Normalize data using the [`StandardScaler`](https://scikit-learn.org/stable/modules/generated/sklearn.preprocessing.StandardScaler.html) of scikit learn.

In [11]:
X[X.columns] = StandardScaler().fit_transform(X[X.columns])

Convert `y` type to `int` 

In [12]:
y = y.astype(int)

Split dataset into train and test sets.

In [13]:
X_train, X_test, y_train, y_test = train_test_split(X, y, stratify=y, test_size=0.2, random_state=42)

## b. Dummy classifier

Build a dummy classifier that takes decisions randomly.

In [None]:
class DummyClassifier():
    
    def __init__(self):
        """
        Initialize the class.
        """
        self.classes_ = None
    
    def fit(self, X, y):
        """
        Fit the dummy classifier.
        """
        self.classes_ = np.unique(y)
    
    def predict(self, X):
        """
        Predict the class labels for the provided data.
        """
        n_samples = len(X)
        return np.random.choice(self.classes_, size=n_samples)


Implement a function to evaluate the performance of a classification by computing the accuracy ($N_{correct}/N$).

In [15]:
def accuracy_score(y_true, y_pred):
    pass

Compute the performance of the dummy classifier using the provided test set.

## c.

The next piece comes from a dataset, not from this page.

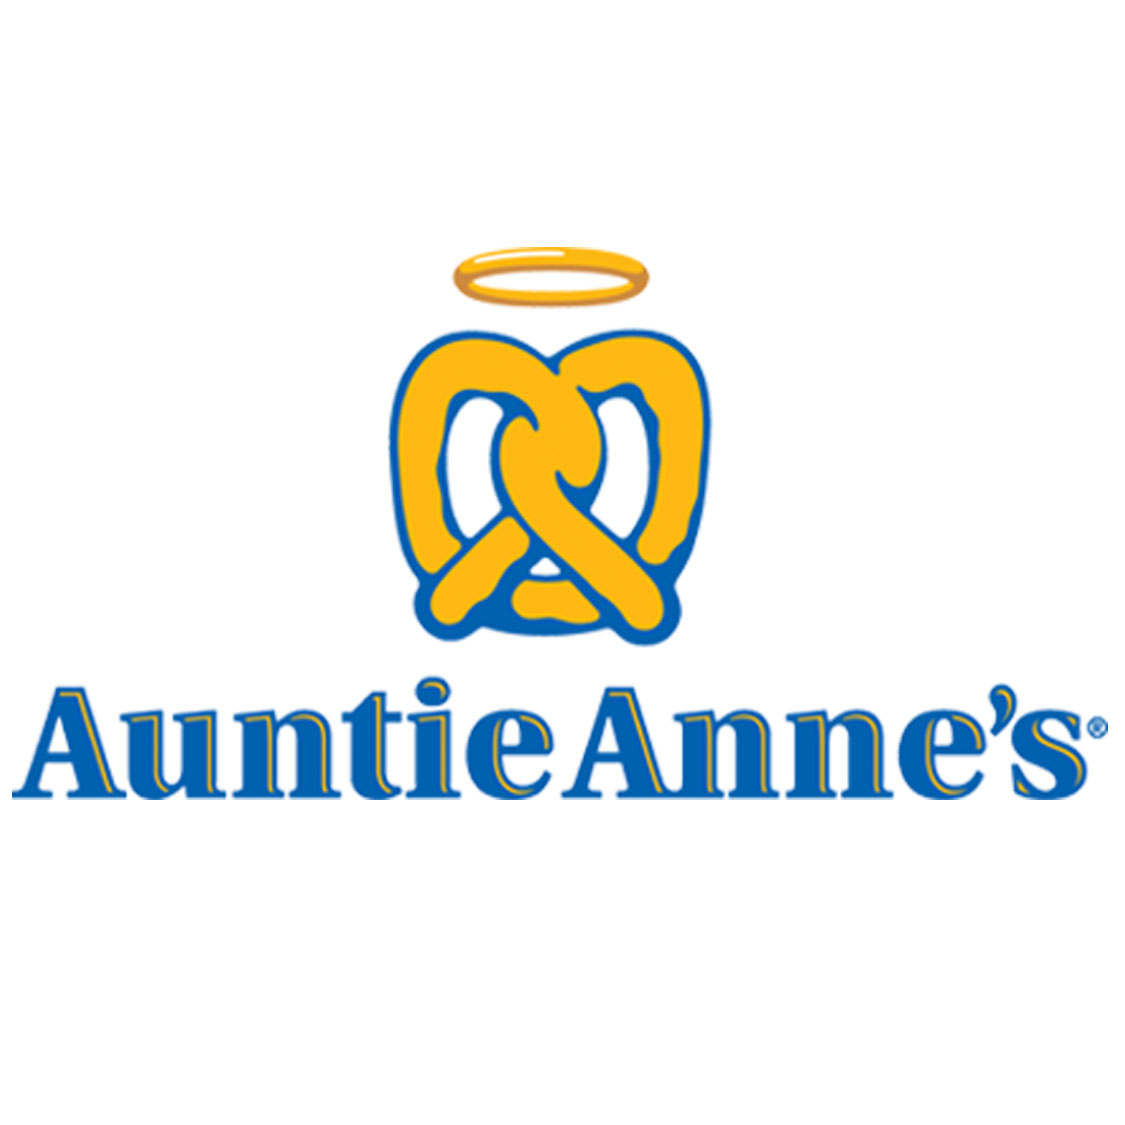 Auntie Anne's.jpg

K-Nearest Neighbors classifier

Build a K-Nearest Neighbors classifier using an Euclidian distance computation and a simple majority voting criterion.

In [16]:
class KNNClassifier():
    
    def __init__(self, n_neighbors=3):
        """
        Initialize the class.
        
        Parameters
        ----------
        n_neighbors : int, default=3
            Number of neighbors to use by default.
        """

        self.n_neighbors = n_neighbors
        self.X_train = None
        self.y_train = None
    
    def fit(self, X, y):
        """
        Fit the k-nearest neighbors classifier.
        
        Parameters
        ----------
        X : Numpy array or Pandas DataFrame of shape (n_samples, n_features)
            Training data.
        y : Numpy array or Pandas DataFrame of shape (n_samples,)
            Target values.
        """

        self.X_train = np.array(X)
        self.y_train = np.array(y)
    
    @staticmethod
    def _euclidian_distance(a, b):
        """
        Utility function to compute the euclidian distance.
        
        Parameters
        ----------
        a : Numpy array or Pandas DataFrame
            First operand.
        b : Numpy array or Pandas DataFrame
            Second operand.
        """

        return np.sqrt(np.sum((a - b) ** 2, axis=1))
    
    @staticmethod
    def _manhattan_distance(a, b):
        """
        Utility function to compute the Manhattan distance.
        
        Parameters
        ----------
        a : Numpy array or Pandas DataFrame
            First operand.
        b : Numpy array or Pandas DataFrame
            Second operand.
        """
        
        return np.sum(np.abs(a - b), axis=1)
    
    def predict(self, X):
        """
        Predict the class labels for the provided data.

        Parameters
        ----------
        X : Numpy array or Pandas DataFrame of shape (n_queries, n_features)
            Test samples.

        Returns
        -------
        y : Numpy array or Pandas DataFrame of shape (n_queries,)
            Class labels for each data sample.
        """
        X = np.array(X)
        predictions = []
        for x in X:
            distances = self._euclidian_distance(self.X_train, x)
            neighbor_idxs = np.argsort(distances)[:self.n_neighbors]
            neighbor_labels = self.y_train[neighbor_idxs]
            
            counts = np.bincount(neighbor_labels.astype(int))
            predictions.append(np.argmax(counts))
        return np.array(predictions)

Compute the performance of the system as a function of $k = 1...7$.

In [18]:
knn_accuracies = []
for k in range(1, 8):
    knn = KNNClassifier(n_neighbors=k)
    knn.fit(X_train, y_train)
    y_pred = knn.predict(X_test)
    acc = accuracy_score(y_test, y_pred)
    knn_accuracies.append(acc)

print("KNN accuracies for k=1 to 7:", knn_accuracies)

KNN accuracies for k=1 to 7: [None, None, None, None, None, None, None]


Run the KNN algorithm using only the features `TotalIncome` and `CreditHistory`.

Re-run the KNN algorithm using the features `TotalIncome`, `CreditHistory` and `Married`.

Re-run the KNN algorithm using all features.